Garden party: Campus rain garden celebrates its first birthday on Earth Day

White boxes in front of Ambler Recreation Center hold monitoring equipment used to measure the effectiveness of water collected for the KU rain garden.

Flower bed tiers at the KU Rain Garden located in front of Ambler Student Recreation Center. Rain water from the center's roof is diverted into the garden through underground pipe.

The flower beds of the KU Rain Garden located in front of Ambler Student Recreation Center have identification signs for each type of plant used.

While it’s not much to look at right now, an unassuming corner of the front lawn of the Ambler Student Recreation Center at Kansas University will soon be bursting with vibrantly colored aromatic aster, black-eyed susans and crested iris. The near-to-blooming flowers are just a few of the 2,500 plants from 18 species in the 5,200-square-foot cornucopia across the street from Allen Fieldhouse.

This massive bouquet of nature’s bounty belongs to a garden that will celebrate its first full year on Earth Day. It’s a fitting birthday since the plot is a bit of an eco-gardening wonder. Known as the Student Rain Garden, its planters are hoping it might inspire a sustainable revolution in landscaping.

Rain gardens funnel and absorb storm water from impervious urban areas like sidewalks, driveways and – in this instance – the roof of the recreation center. This helps naturally filter the storm runoff back into the water table rather than the sewers. “It’s basically a depression that can collect that initial flush of rain water,” says Jeff Severin, director of the KU Center for Sustainability, who helped organize the garden’s creation. “They’re typically designed with native plants and other kinds of tolerable species that can also help filter any pollutants in that water. So basically it’s an urban storm water management tool that people can use in their yards on a small scale or, in the case of the campus garden, can be used in a pretty large scale. Ours is kind of different because it’s huge.”

The rain garden was conceived back in 2007 as a far more modest endeavor by environmentally minded students.

“At the time it was a very small idea and a very small rain garden, then it turned into a big idea and a very large rain garden,” recalls Laura Foster, architecture grad student at KU who was then a member of Emerging Green Builders, the student organization integral in making the rain garden happen.
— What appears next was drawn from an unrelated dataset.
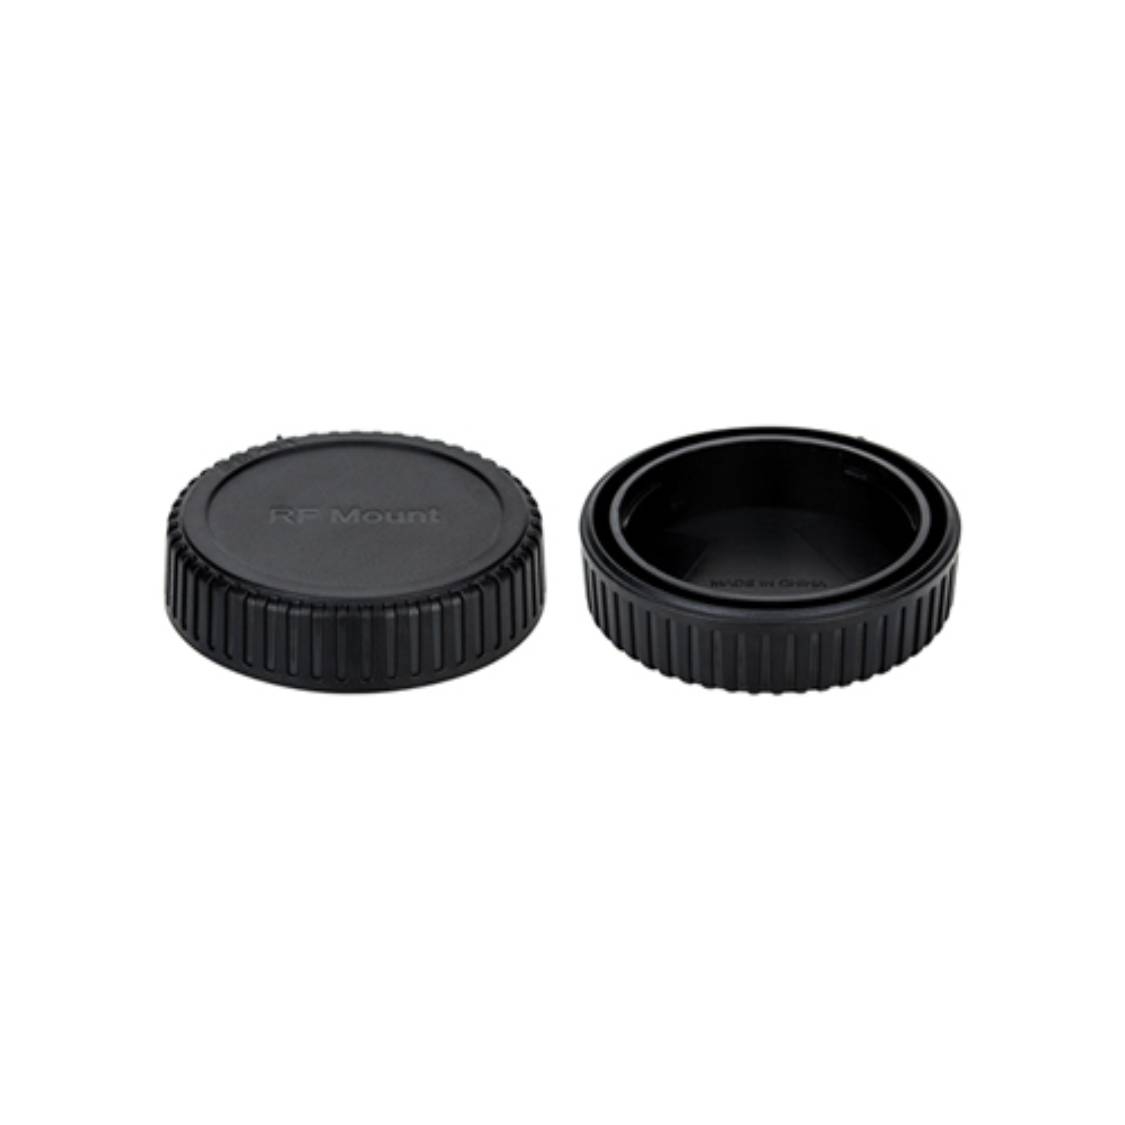 Promaster Rear Lens Cap (Canon RF)

The project grew in scope thanks to the eager participation of the recreation center, who decided to fold the construction of the garden into its 2008 expansion. By early last year, two limestone-bounded tiers were completed, and the inaugural planting was held on Earth Day. Nearly 200 members of the campus and larger Lawrence community rolled up their sleeves and pitched in. “To see that many people out helping, supporting the student-led initiative – everyone was really proud of what we were able to accomplish,” Severin says. “The students really saw that as something tangible from their experience at KU, to say that they were part of this project that’s going to provide water quality benefits, and a really great use of native plants for landscaping, that people can enjoy for years to come.”

That the unveiling was on Earth Day was no coincidence.

“It was good to have this sense of community within KU that everybody was excited to come out and plant a plant on Earth Day,” Foster says. “I know we celebrate Earth Day every year, but you don’t often get your hands dirty to celebrate it. The Earth doesn’t necessarily appreciate it when you just celebrate it – it also wants some love in return. So planting it on that day was a very good thing.”

And the influence of the Student Rain Garden might extend well beyond the KU community. It’s one of four rain gardens in Kansas currently being studied as a prototype by respected Kansas City eco-architecture firm BNIM and researchers from Kansas State University. “It’s really exciting that K-State has to come to KU to look at something,” adds Foster with a bit of playful school pride.